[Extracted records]
BEGIN

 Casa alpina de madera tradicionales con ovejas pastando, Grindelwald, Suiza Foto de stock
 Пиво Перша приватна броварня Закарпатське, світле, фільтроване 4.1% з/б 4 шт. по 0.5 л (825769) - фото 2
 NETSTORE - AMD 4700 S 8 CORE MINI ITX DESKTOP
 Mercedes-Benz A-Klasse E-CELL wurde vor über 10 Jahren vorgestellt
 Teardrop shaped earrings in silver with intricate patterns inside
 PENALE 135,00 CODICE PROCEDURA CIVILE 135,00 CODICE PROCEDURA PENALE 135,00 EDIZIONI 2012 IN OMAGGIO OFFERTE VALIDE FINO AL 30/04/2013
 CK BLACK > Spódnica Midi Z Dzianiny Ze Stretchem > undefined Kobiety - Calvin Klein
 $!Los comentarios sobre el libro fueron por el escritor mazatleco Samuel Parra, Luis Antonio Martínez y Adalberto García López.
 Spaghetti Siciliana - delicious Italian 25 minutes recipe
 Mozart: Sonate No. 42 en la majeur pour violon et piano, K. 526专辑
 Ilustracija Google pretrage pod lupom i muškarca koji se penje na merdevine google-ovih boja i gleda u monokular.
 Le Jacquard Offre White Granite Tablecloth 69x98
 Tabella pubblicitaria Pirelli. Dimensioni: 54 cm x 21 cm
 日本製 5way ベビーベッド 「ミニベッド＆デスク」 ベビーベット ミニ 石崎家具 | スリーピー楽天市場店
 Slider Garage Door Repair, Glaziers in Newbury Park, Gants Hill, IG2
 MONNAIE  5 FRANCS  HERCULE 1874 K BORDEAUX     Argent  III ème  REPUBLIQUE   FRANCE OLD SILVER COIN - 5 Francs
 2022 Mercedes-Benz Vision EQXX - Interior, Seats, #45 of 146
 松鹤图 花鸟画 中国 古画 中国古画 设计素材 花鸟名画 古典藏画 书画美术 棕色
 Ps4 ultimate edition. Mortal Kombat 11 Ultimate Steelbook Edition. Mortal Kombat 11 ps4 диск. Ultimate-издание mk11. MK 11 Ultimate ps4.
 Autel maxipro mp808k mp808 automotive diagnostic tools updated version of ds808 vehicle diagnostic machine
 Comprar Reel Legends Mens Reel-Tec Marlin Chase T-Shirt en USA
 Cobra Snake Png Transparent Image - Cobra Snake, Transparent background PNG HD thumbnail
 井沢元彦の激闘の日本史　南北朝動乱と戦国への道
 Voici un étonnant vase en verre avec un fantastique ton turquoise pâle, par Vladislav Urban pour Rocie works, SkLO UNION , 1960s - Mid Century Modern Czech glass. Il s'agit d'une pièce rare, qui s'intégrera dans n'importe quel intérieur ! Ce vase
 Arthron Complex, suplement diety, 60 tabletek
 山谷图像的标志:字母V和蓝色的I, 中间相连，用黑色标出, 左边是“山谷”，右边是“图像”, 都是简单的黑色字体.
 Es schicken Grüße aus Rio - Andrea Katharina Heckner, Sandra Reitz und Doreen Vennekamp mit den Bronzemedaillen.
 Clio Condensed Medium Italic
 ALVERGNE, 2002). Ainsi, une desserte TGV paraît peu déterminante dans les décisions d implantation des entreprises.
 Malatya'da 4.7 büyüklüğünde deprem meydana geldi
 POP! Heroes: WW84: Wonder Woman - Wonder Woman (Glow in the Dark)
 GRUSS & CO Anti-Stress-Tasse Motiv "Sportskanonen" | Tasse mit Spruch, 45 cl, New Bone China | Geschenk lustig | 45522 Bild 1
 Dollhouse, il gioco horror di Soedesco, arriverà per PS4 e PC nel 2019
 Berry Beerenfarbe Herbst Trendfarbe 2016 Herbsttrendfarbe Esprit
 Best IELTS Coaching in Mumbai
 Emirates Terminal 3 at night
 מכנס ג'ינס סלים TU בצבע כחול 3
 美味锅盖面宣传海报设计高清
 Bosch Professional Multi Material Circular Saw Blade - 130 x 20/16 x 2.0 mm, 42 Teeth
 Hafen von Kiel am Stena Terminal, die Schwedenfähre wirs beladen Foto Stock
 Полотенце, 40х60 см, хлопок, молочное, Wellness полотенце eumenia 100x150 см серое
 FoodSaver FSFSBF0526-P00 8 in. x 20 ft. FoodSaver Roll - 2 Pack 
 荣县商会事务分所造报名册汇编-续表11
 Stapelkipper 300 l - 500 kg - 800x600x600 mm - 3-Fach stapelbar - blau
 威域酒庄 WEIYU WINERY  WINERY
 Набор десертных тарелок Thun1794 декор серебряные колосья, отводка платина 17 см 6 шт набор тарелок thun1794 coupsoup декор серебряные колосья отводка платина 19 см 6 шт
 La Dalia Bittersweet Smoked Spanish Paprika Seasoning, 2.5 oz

END

THE TASK => Of the lines above, retype only those from the line containing "CK BLACK > Spódnica" through the line containing "2022 Mercedes-Benz Vision", including both, exactly.

PROBLEM SOLUTION =>
 CK BLACK > Spódnica Midi Z Dzianiny Ze Stretchem > undefined Kobiety - Calvin Klein
 $!Los comentarios sobre el libro fueron por el escritor mazatleco Samuel Parra, Luis Antonio Martínez y Adalberto García López.
 Spaghetti Siciliana - delicious Italian 25 minutes recipe
 Mozart: Sonate No. 42 en la majeur pour violon et piano, K. 526专辑
 Ilustracija Google pretrage pod lupom i muškarca koji se penje na merdevine google-ovih boja i gleda u monokular.
 Le Jacquard Offre White Granite Tablecloth 69x98
 Tabella pubblicitaria Pirelli. Dimensioni: 54 cm x 21 cm
 日本製 5way ベビーベッド 「ミニベッド＆デスク」 ベビーベット ミニ 石崎家具 | スリーピー楽天市場店
 Slider Garage Door Repair, Glaziers in Newbury Park, Gants Hill, IG2
 MONNAIE  5 FRANCS  HERCULE 1874 K BORDEAUX     Argent  III ème  REPUBLIQUE   FRANCE OLD SILVER COIN - 5 Francs
 2022 Mercedes-Benz Vision EQXX - Interior, Seats, #45 of 146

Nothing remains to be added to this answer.